YOUR INSTRUCTIONS: Every line below from the one with "Das Lüneburger Landwehrsystem" through the one with "Вадим Лобов стал" is to be repeated exactly, with no picture among them.

DATA EXCERPTS:

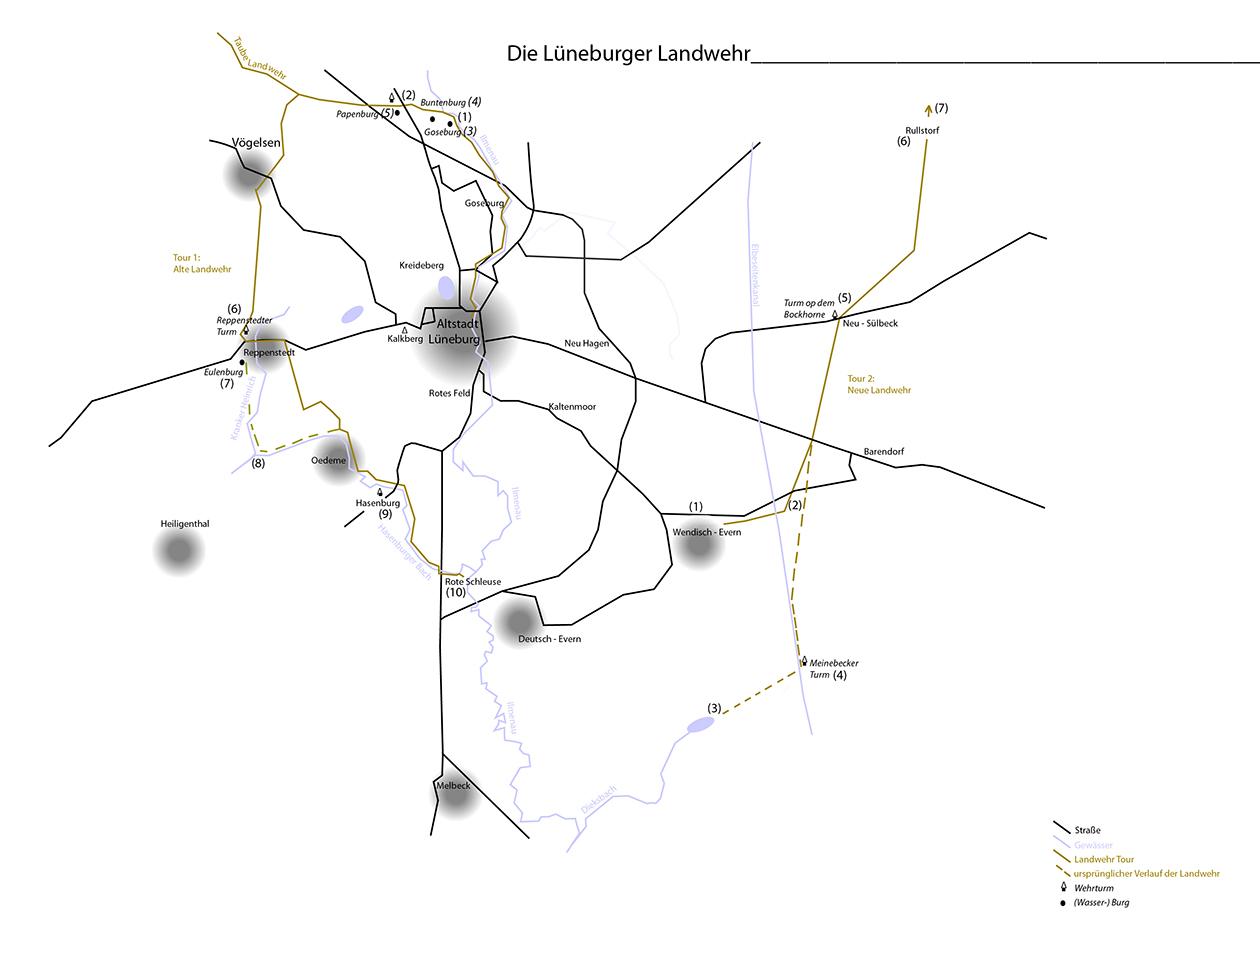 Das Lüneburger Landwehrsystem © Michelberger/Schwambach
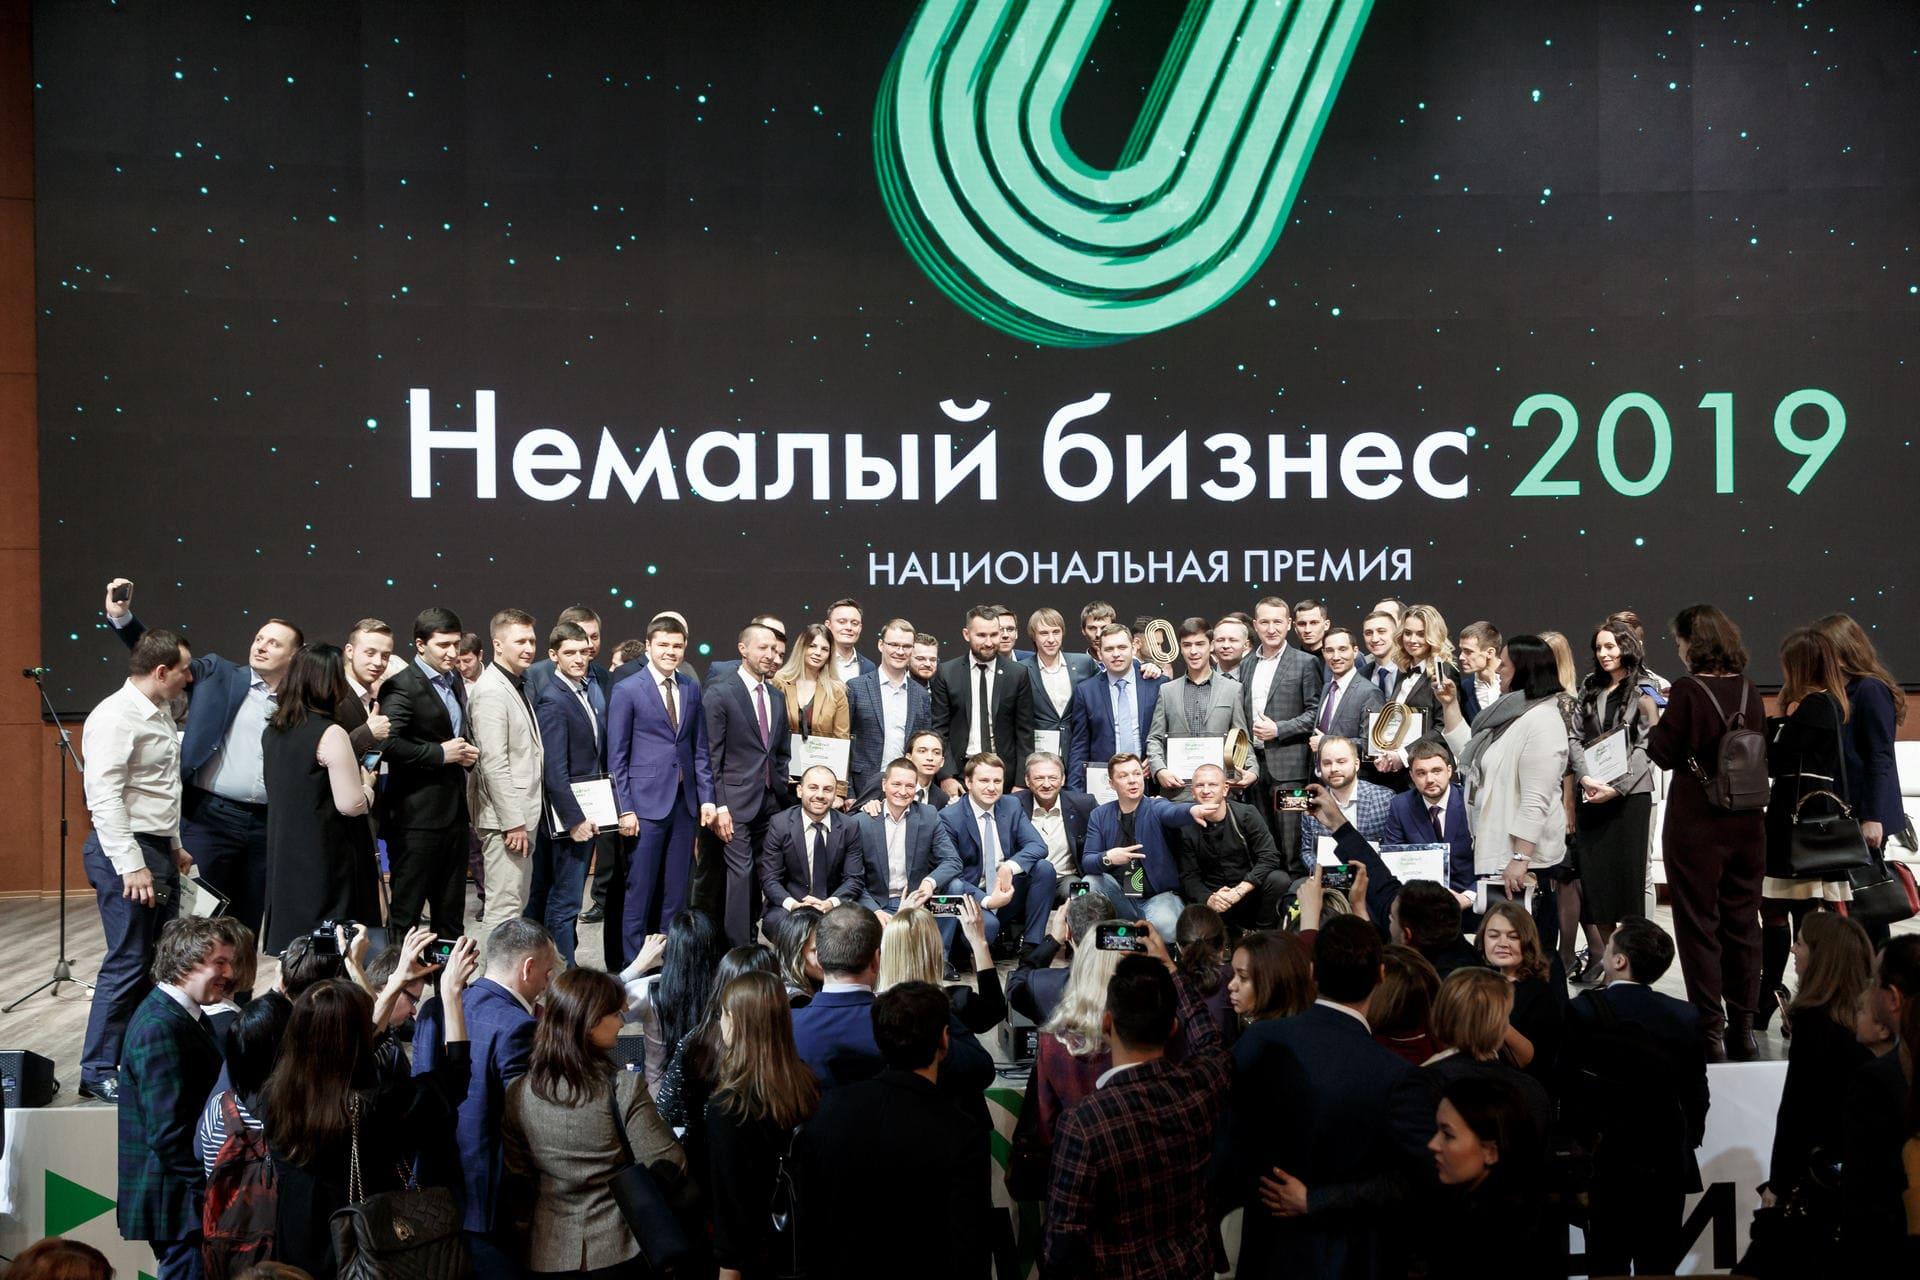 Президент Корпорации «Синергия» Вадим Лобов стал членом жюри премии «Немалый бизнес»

--

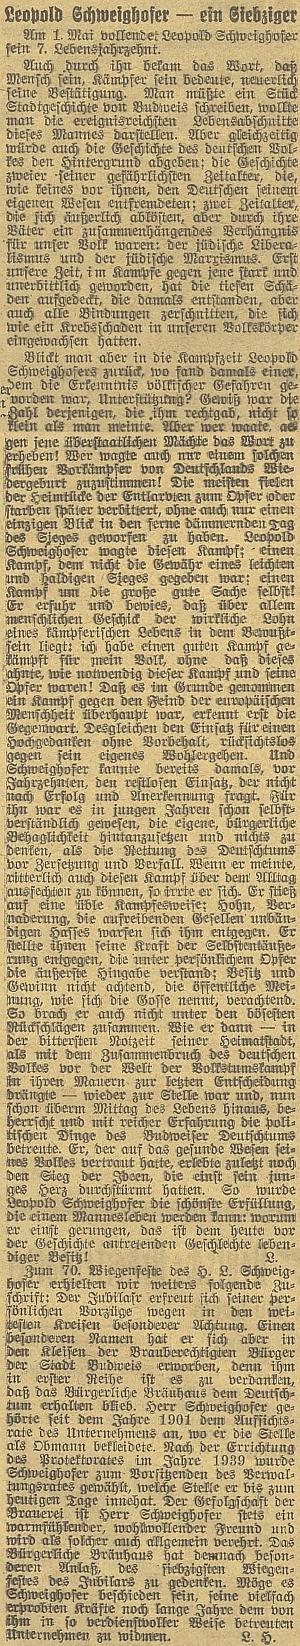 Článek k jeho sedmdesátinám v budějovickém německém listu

* * *

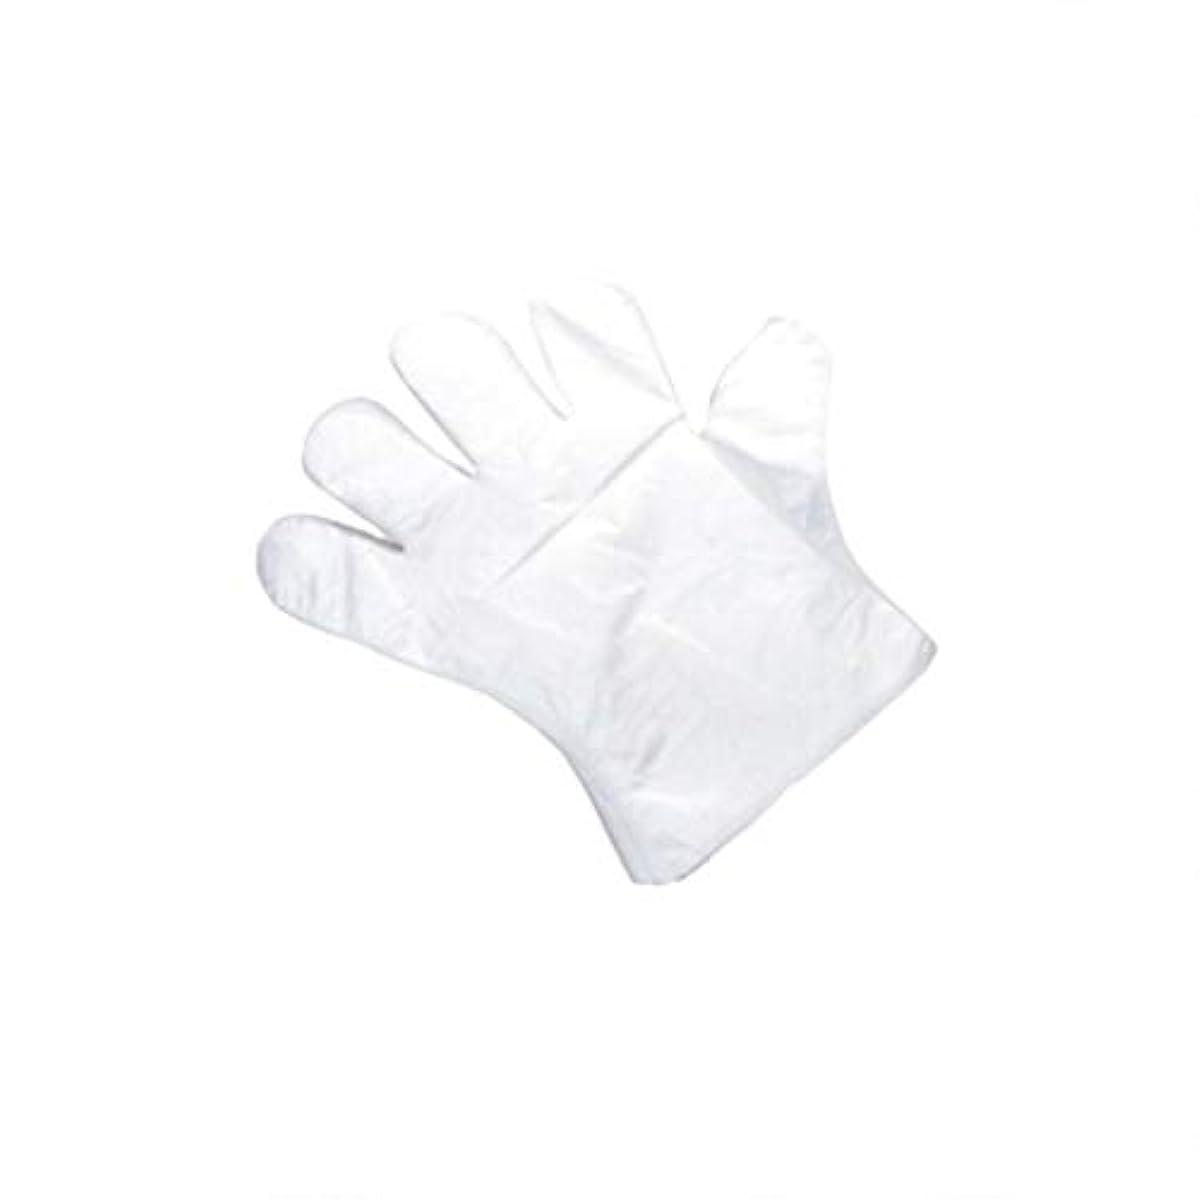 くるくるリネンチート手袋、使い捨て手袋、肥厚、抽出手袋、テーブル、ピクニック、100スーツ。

RESPONSE AREA:
 Das Lüneburger Landwehrsystem © Michelberger/Schwambach
 Президент Корпорации «Синергия» Вадим Лобов стал членом жюри премии «Немалый бизнес»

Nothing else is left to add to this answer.